Wednesday, June 27, 2012

Fertility Massage

I found this video very self explanatory about Femoral Reproductive Massage. I had heard about it before and decided to give it a try this month. We started doing it yesterday. I can really feel that the blood flow kind of gets interrupted and then released.

If this doesn't work at least it is a way to have your partner be part of the process and kind of feel useful. Infertility is hard on them too, they might not show like we do or it might not be as upsetting as it is for us, but they all feel the frustration and pain of infertility.


Friday, June 22, 2012

DAY 01

Like a little clock my period came today. Perfect 28 days cycles or another failed cycle, it only depends how you look at it. I did not have any pain during this cycle, not even around ovulation. No mid cycle spotting and as for now mild cramps. However, no BFP either!! I can't wait for the day I will see something different in that dreadful stick.

As usual, I woke up this morning with the awful feeling of knowing aunt Flo has arrived we all know about.
 

I will spend my next TREE DAYS trying to control pain with all my little holistic tricks...
Ginger Root Infusion: relax muscles
Red Raspberry Leaf capsules: antispasmodic
Evening Primrose Oil: reduces inflammation
Fish Oil: reduces inflammation

Wednesday, June 20, 2012

Beautiful cervix website

Few months ago I ask someone in a forum how did she check her cervix for changes and she told me to look online for more detailed information and I stumbled with the Beautiful cervix website.

I have to admit I felt a little grossed out at first when I saw the pictures. However it is very educative and now I can only think I wish I could take a look at mine everyday as well! :)

Hope you guys like it:
http://www.beautifulcervix.com/cervix-photo-galleries/photos-of-cervix/

Friday, June 15, 2012

Trying to keep positive


Here is a picture of my nightstand, and this is only the stuff I am using all the time, if you open the first drawer you will find three times more... Am I the only crazy one that obsesses about my infertility and endometriosis? Hope not.



From this month I decided that I won’t be going to acupuncture anymore. My acupuncturist had “promised” me that he would help me to get pregnant until spring. No need to say, I am still childless. 

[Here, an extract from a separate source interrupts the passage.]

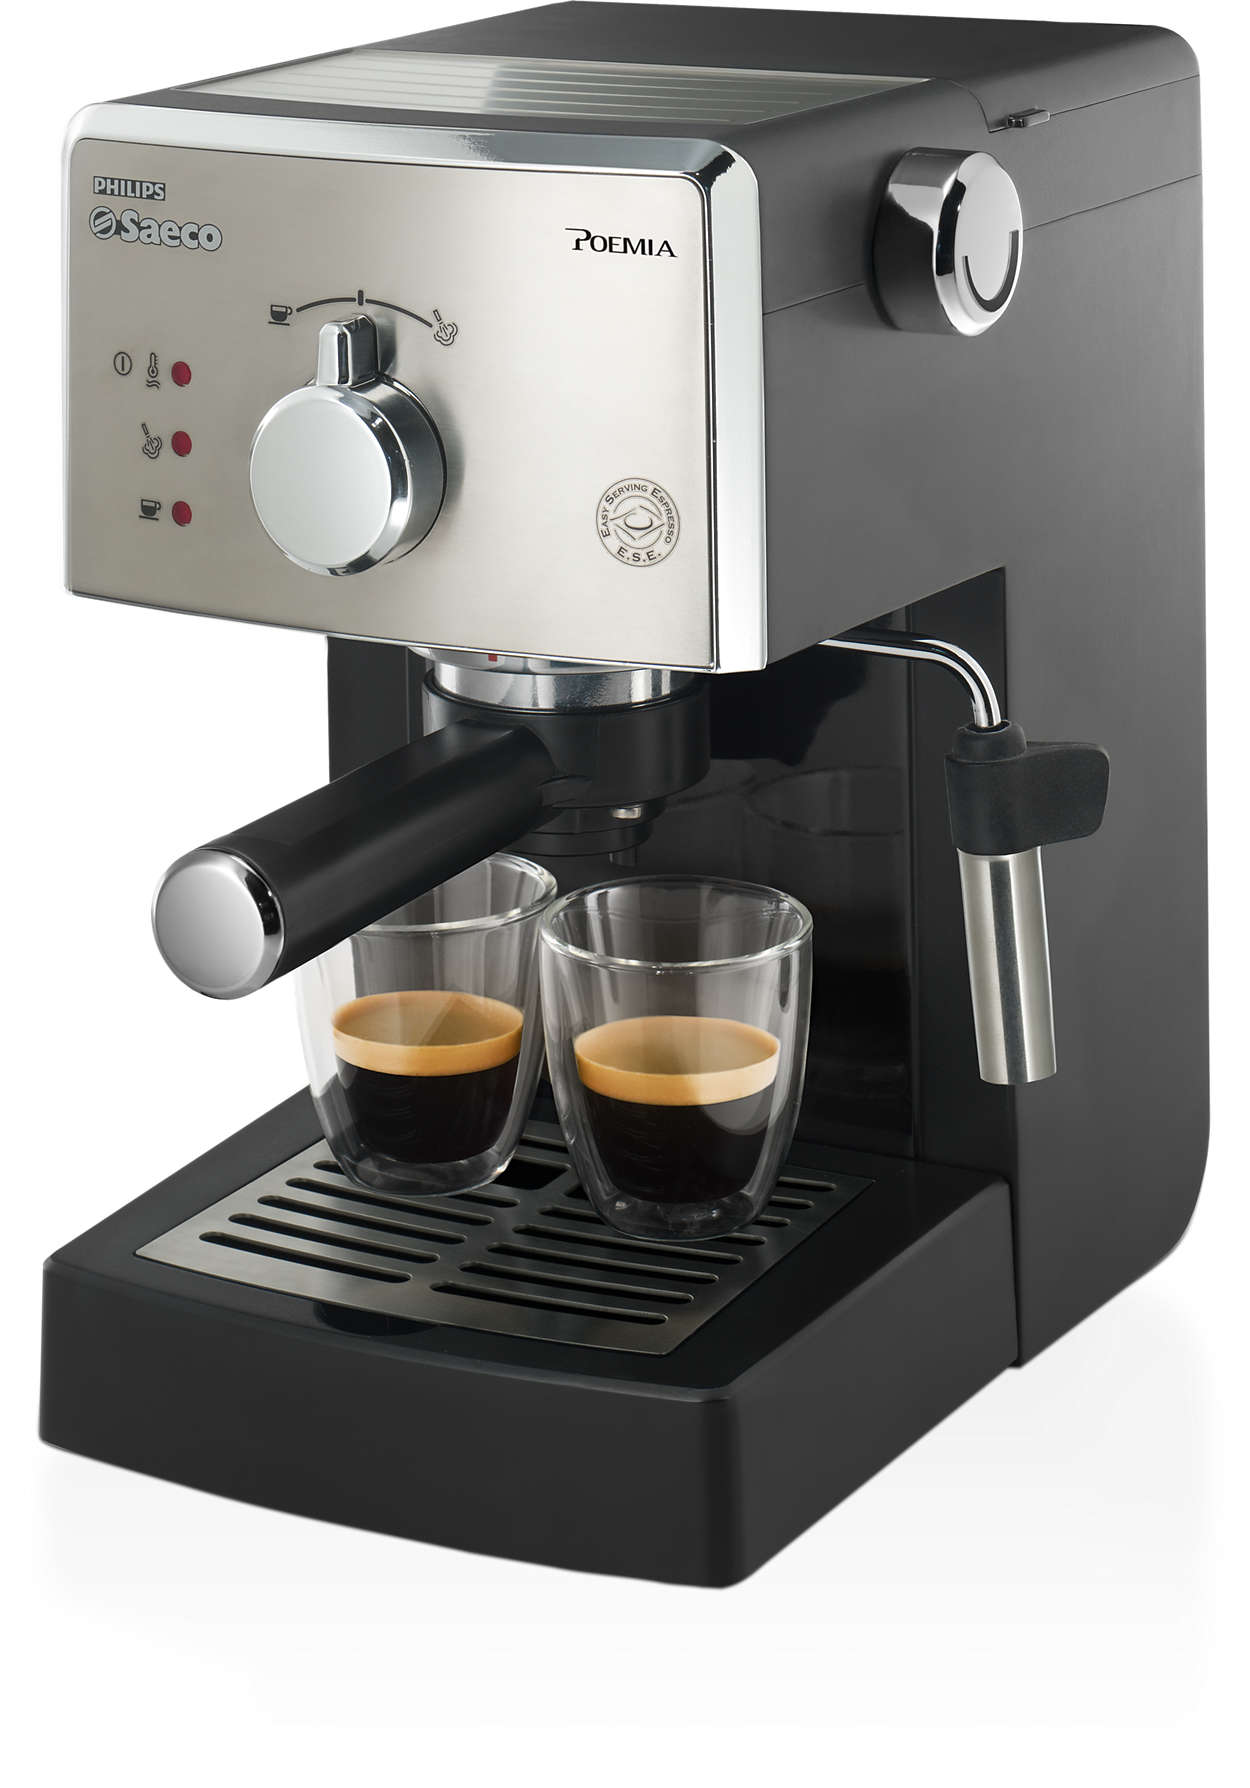 Review: Philips Saeco Poemia Espresso Machine - Canadian Reviewer -  Reviews, News and Opinion with a Canadian Perspective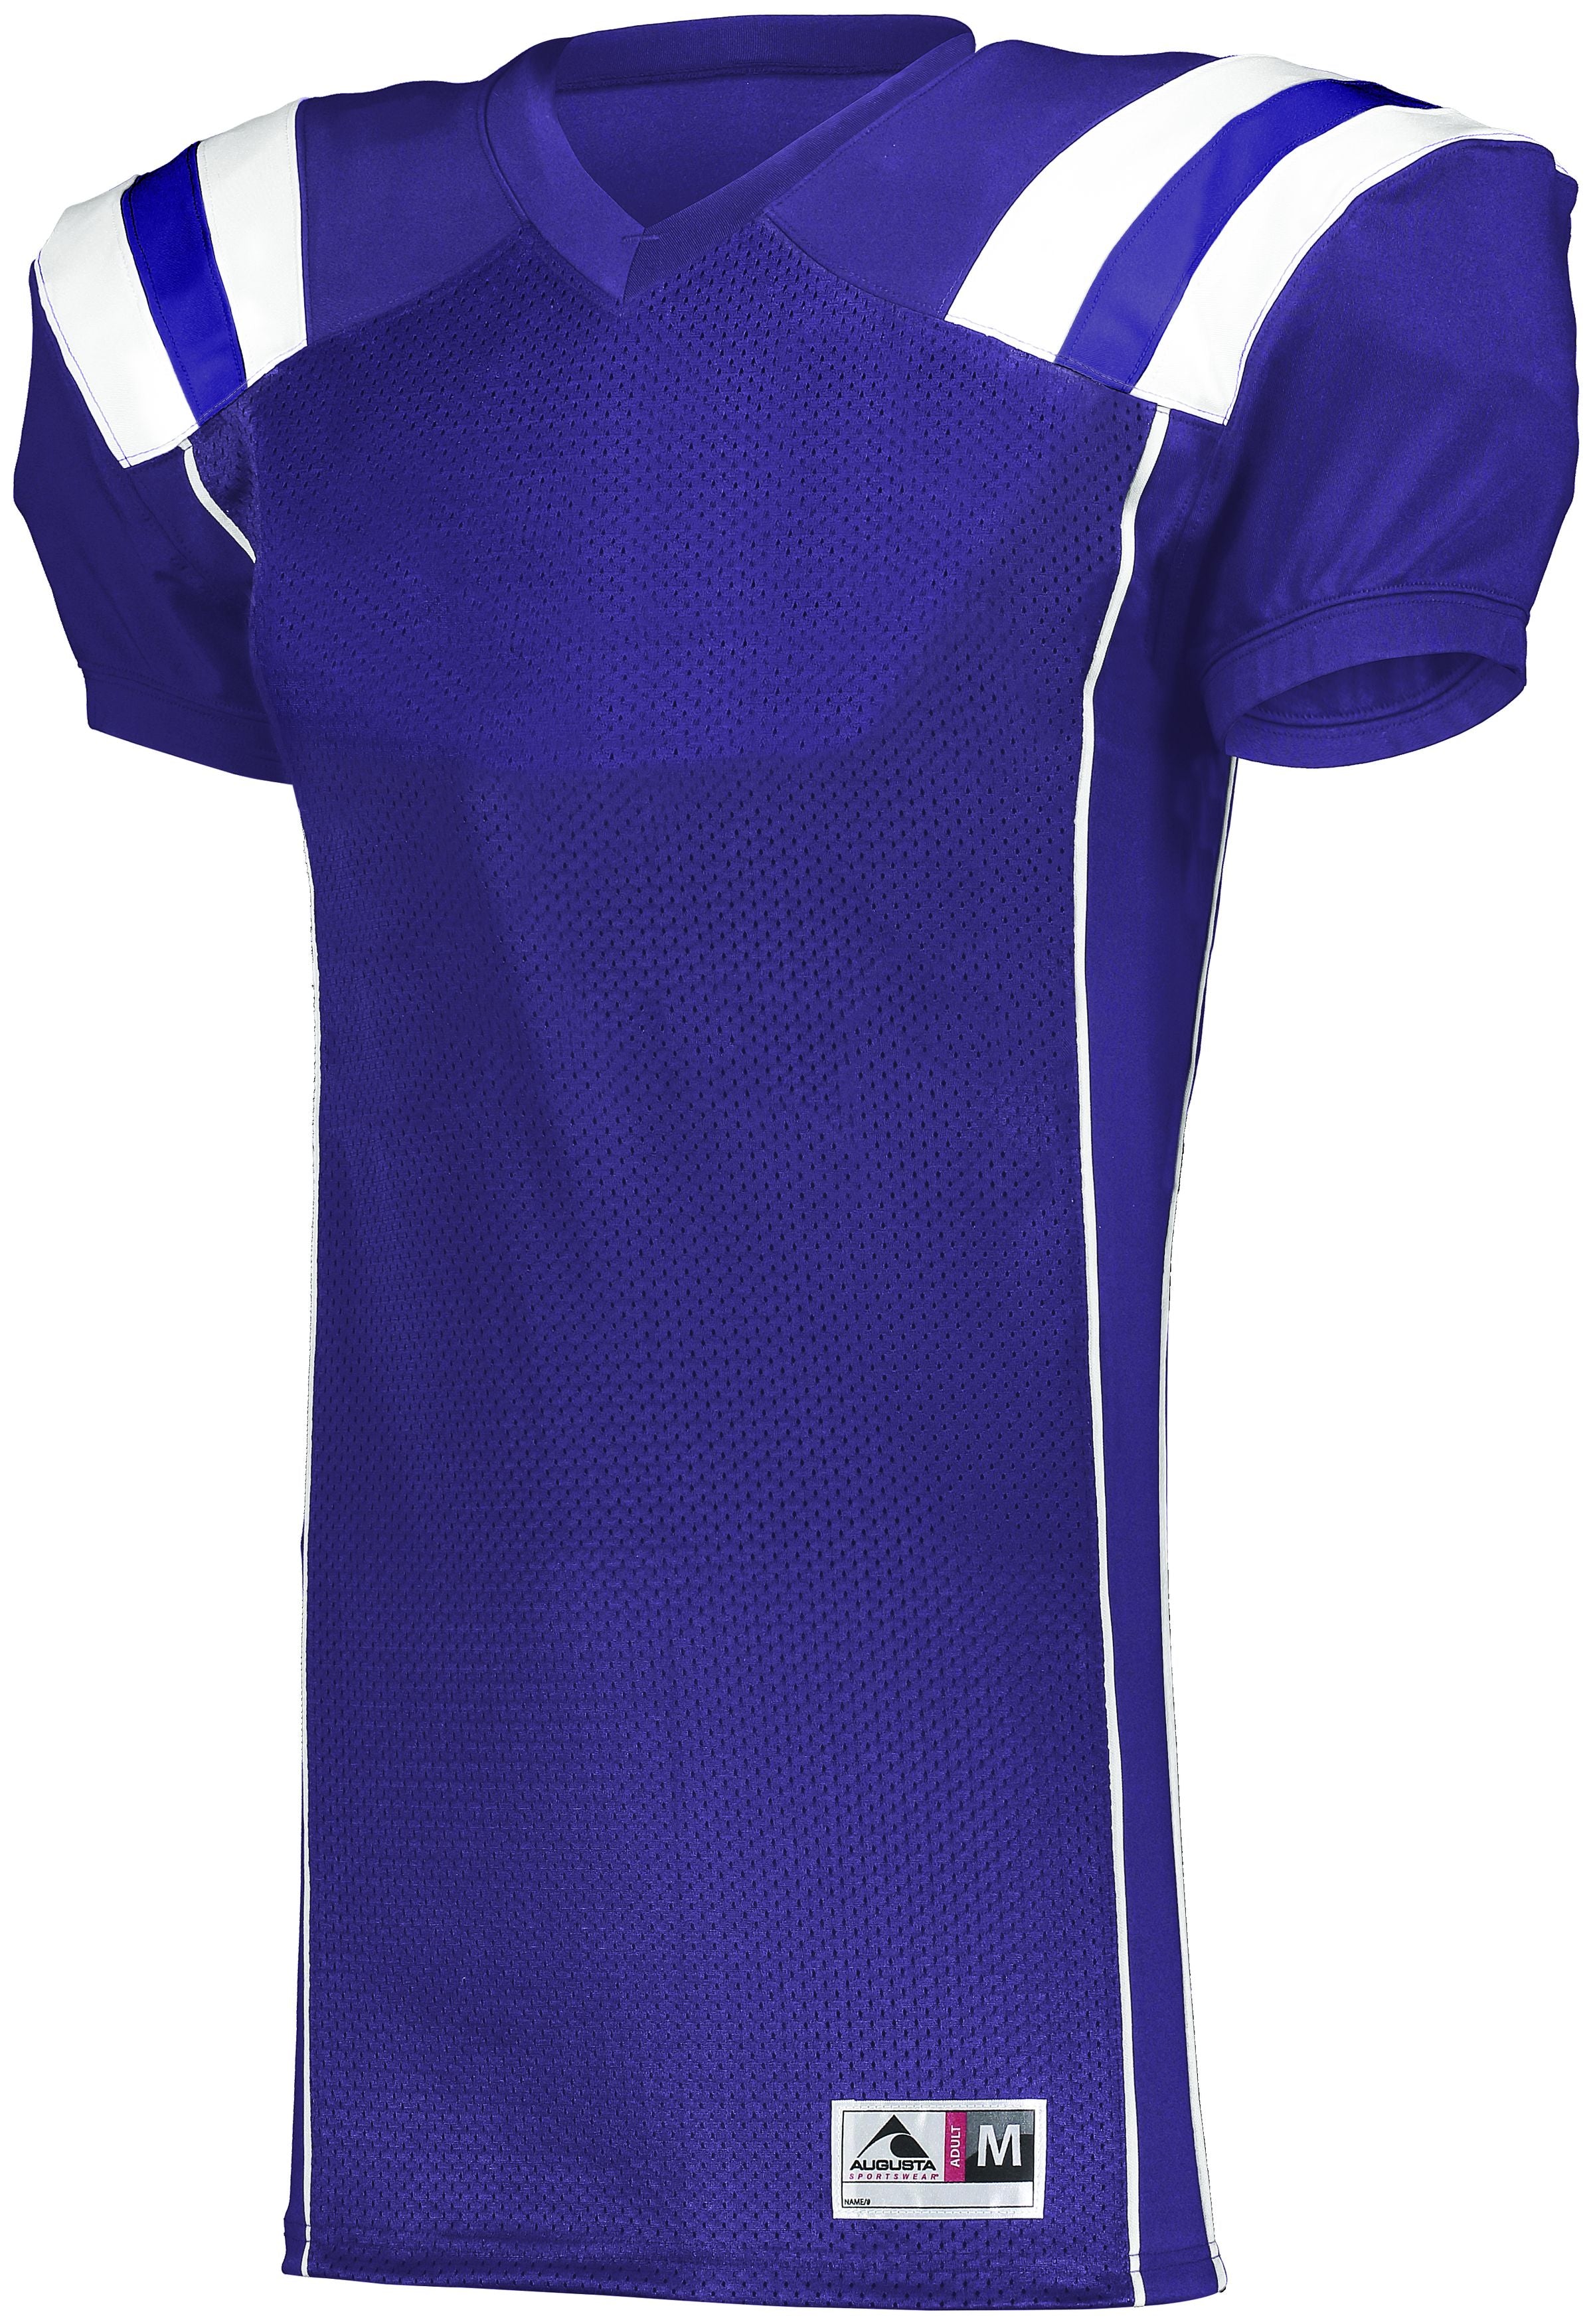 Augusta Sportswear Youth Tform Football Jersey in Purple/White  -Part of the Youth, Youth-Jersey, Augusta-Products, Football, Shirts, All-Sports, All-Sports-1 product lines at KanaleyCreations.com

I understand that it was a promise he made in order to give me hope and keep me positive. I wish it had become true and every month I was sure that I was indeed pregnant. Fooling myself with symptoms. Ladies, spotting is spotting! Let’s stop going crazy with what does it mean if it is pink red or brownish or just a little or early… I do not test anymore. I have a rule, 5 days late and I go to the nurse office to ask for a blood test. It is hard to wait but I believe it is better to get a definite result than testing and getting false hopes. Which doesn't mean that by day 28 of my cycle I am not typing into my google search all the symptoms I have (mostly in my head).

Also, I was expecting him to make his research about my condition and really give me an individual treatment. Suggest me herbs, make a calendar planning of when to take what… I don’t know, a real alternative treatment designed specifically for me. That’s why I paid 80 dollars per visit. But I wasn’t getting it, and for a general treatment that is used on any other person, I can get a doctor's appointment covered by my insurance. In fact, I would tell him what I read and what I am taking and he would write it down to read about it later and maybe suggest other patients the same. I wanted to say sometimes “Bryon, I am not paying you so you can take lessons from me”. Anyway, it is not his fault I am not pregnant, I just lost my faith on him, and this is more than enough to not go anymore.

I am still taking the evening primrose oil and I took aspirins during this whole cycle, still taking it. My midwife’s neighbor told her to keep taking it although she is already pregnant. According to her, in the future, all women will take baby aspirins when trying to conceive or seeking for fertility enhancement.  

This month I know I am out. I am on day 22 of my cycle but we didn’t have a chance to baby dance as much as I would have liked. We were both busy during fertile days and just did it twice. I barely saw my husband that week and the following. So, I don’t believe that was enough juice to get me preggos :) I did read about a lot of other alternative methods to get pregnant but they were all really weird and decided not to post. There is a limit to everything. My suggestion for today is just to try to keep positive, and keep your mind in the target. Every night when I am almost asleep I picture myself carrying my baby in my arms and I know that when this day gets here I will think it was all worth it!